This is a piece that I made recently – a portrait of Elisabeth of Valois based on a painting of her by Pantoja de la Cruz.
When I visit a museum or gallery I’m drawn to these portraits of fabulous wealthy women – all those decorations, accessories, the rich materials. Everything looks so big, flashy, dazzling. I’m never going to be able to paint like that – I have little to no hand-eye coordination and I am terrible at doing things that look realistic or soft. What I do enjoy is using bold colours and lines.
I was really needing some portrait practice. Photographs are good to work from, but I tend to take less creative licence with a real face. Maybe I’m scared or something. These old paintings offer a face that has already been stylised, and room for interpretation and independence from the past. They’re often very static, so I find it easier to pick apart the aspects I want to draw from them – an almost geometric corset or a silky sleeve.
Most of the time, for female portraits, there is an emphasis on beauty, so it’s fun to play with that, to see what might have been fashionable then and work with it now. Massive forehead? Cool.

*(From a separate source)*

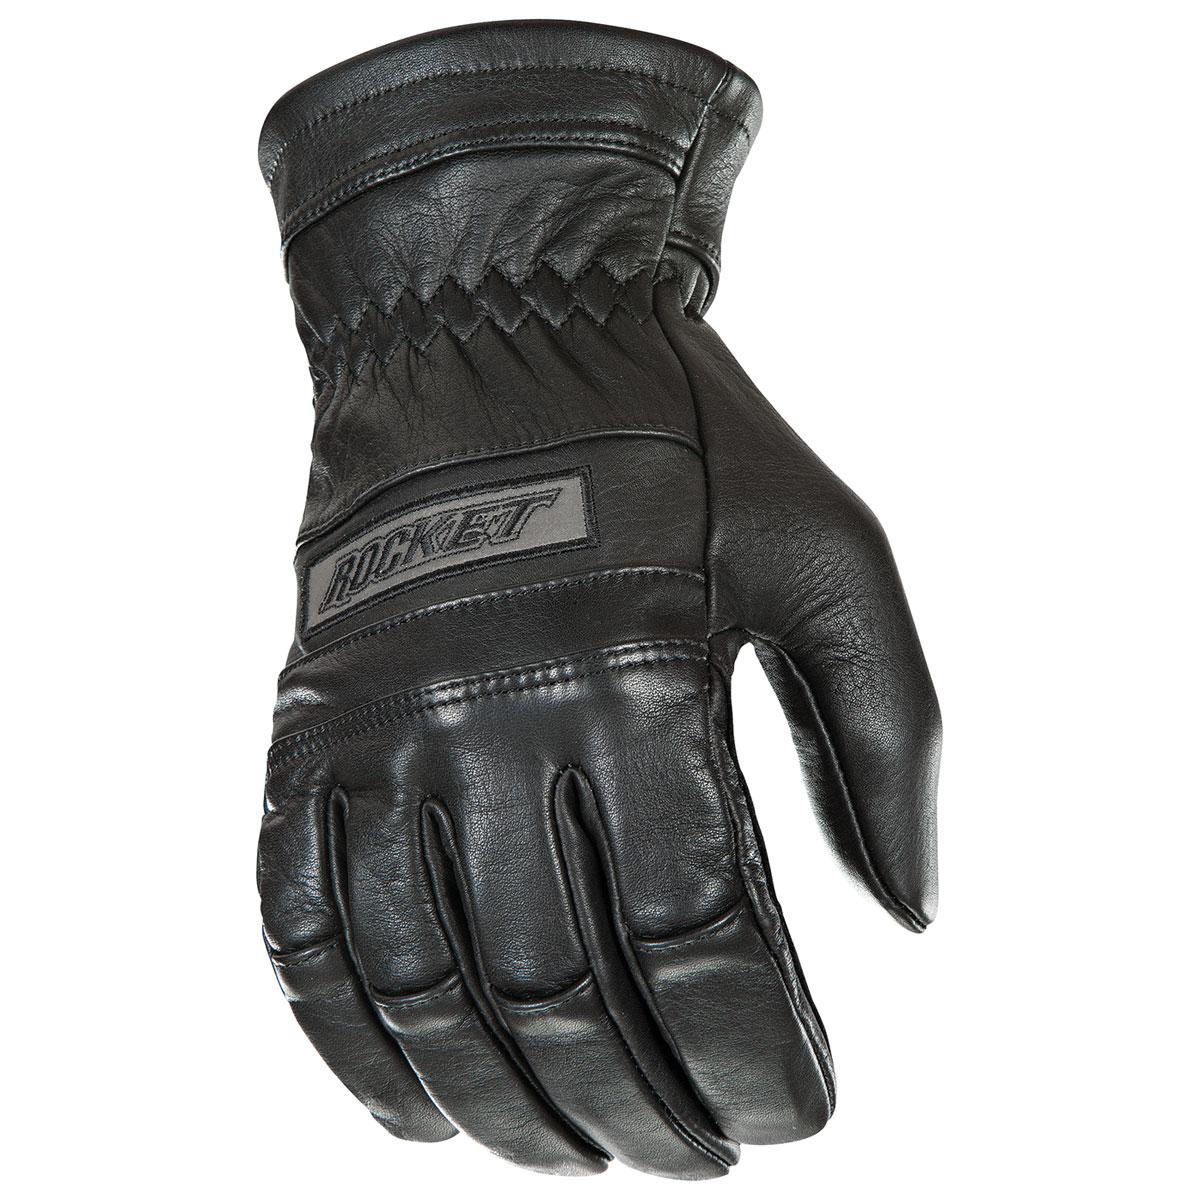 Joe Rocket Men's Thick Fit Classic Black Gloves
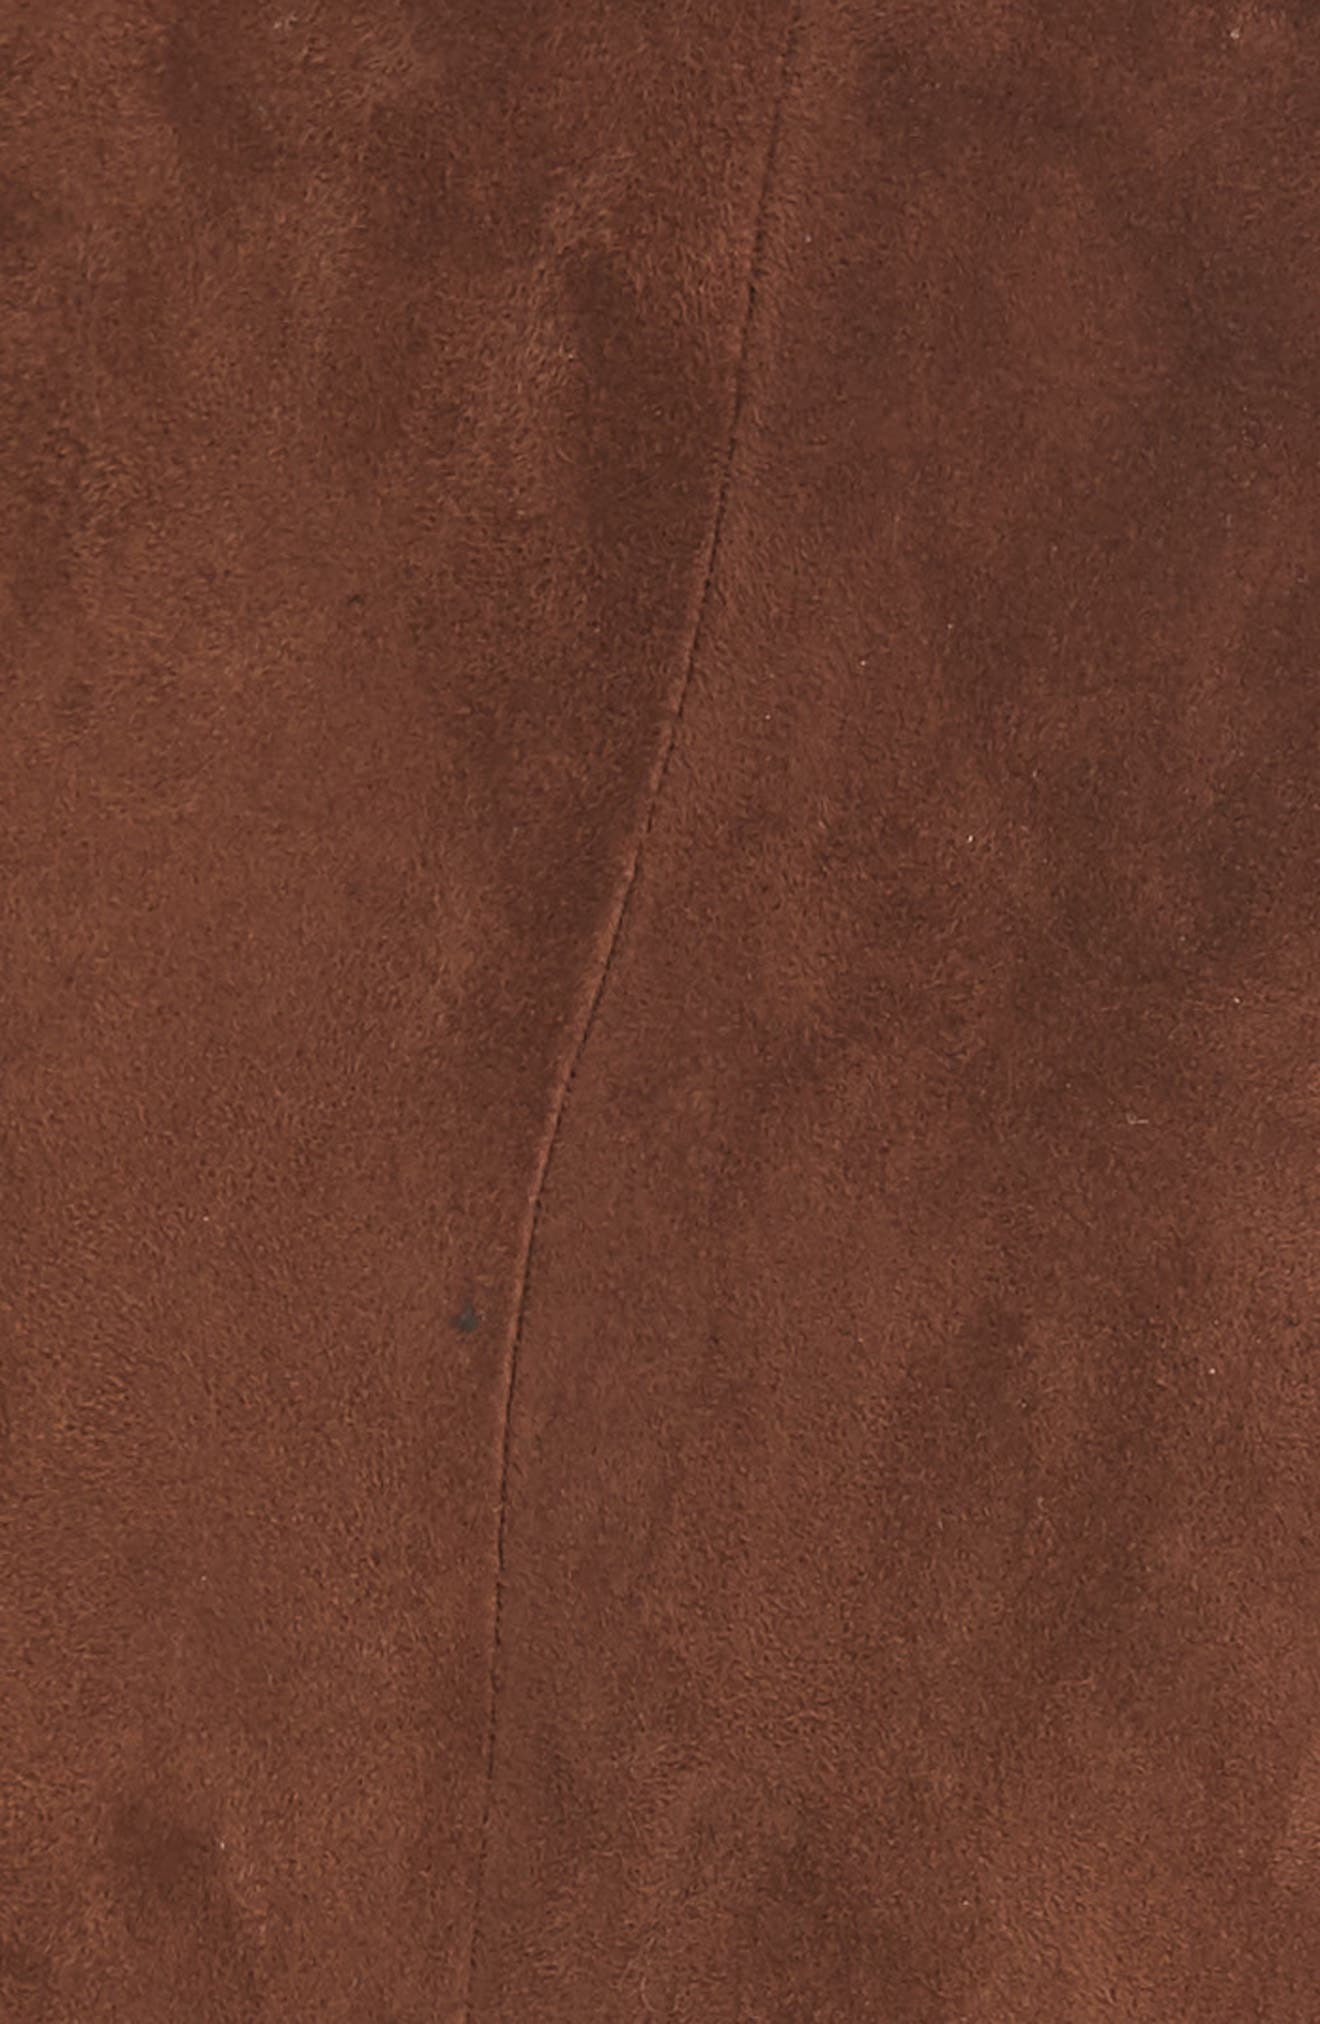 NILI LOTAN, Paris Leather Pants, Alternate thumbnail 6, color, DARK COGNAC

No eyebrows? Ok. Weird hats are a given. And then comes all that crazy embellishment; the clothes and the hair and the jewels, which is half the fun. How far can I push that? What can I push and pull using the techniques I want rather than replicating what already exists?
I’d like to work more on this idea and really ‘modernise’ these paintings, see if I could push them into something that wouldn’t look out of place amongst contemporary fashion. I think that might be cool.